━━ Data ━━

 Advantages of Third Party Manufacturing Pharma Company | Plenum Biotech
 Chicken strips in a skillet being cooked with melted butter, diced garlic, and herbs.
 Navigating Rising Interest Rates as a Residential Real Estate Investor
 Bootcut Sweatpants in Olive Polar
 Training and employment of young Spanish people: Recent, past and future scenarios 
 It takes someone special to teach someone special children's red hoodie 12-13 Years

━━━

What you have to do :: Could you write out all of the data again, exactly as given?

Solution to the exercise ::
 Advantages of Third Party Manufacturing Pharma Company | Plenum Biotech
 Chicken strips in a skillet being cooked with melted butter, diced garlic, and herbs.
 Navigating Rising Interest Rates as a Residential Real Estate Investor
 Bootcut Sweatpants in Olive Polar
 Training and employment of young Spanish people: Recent, past and future scenarios 
 It takes someone special to teach someone special children's red hoodie 12-13 Years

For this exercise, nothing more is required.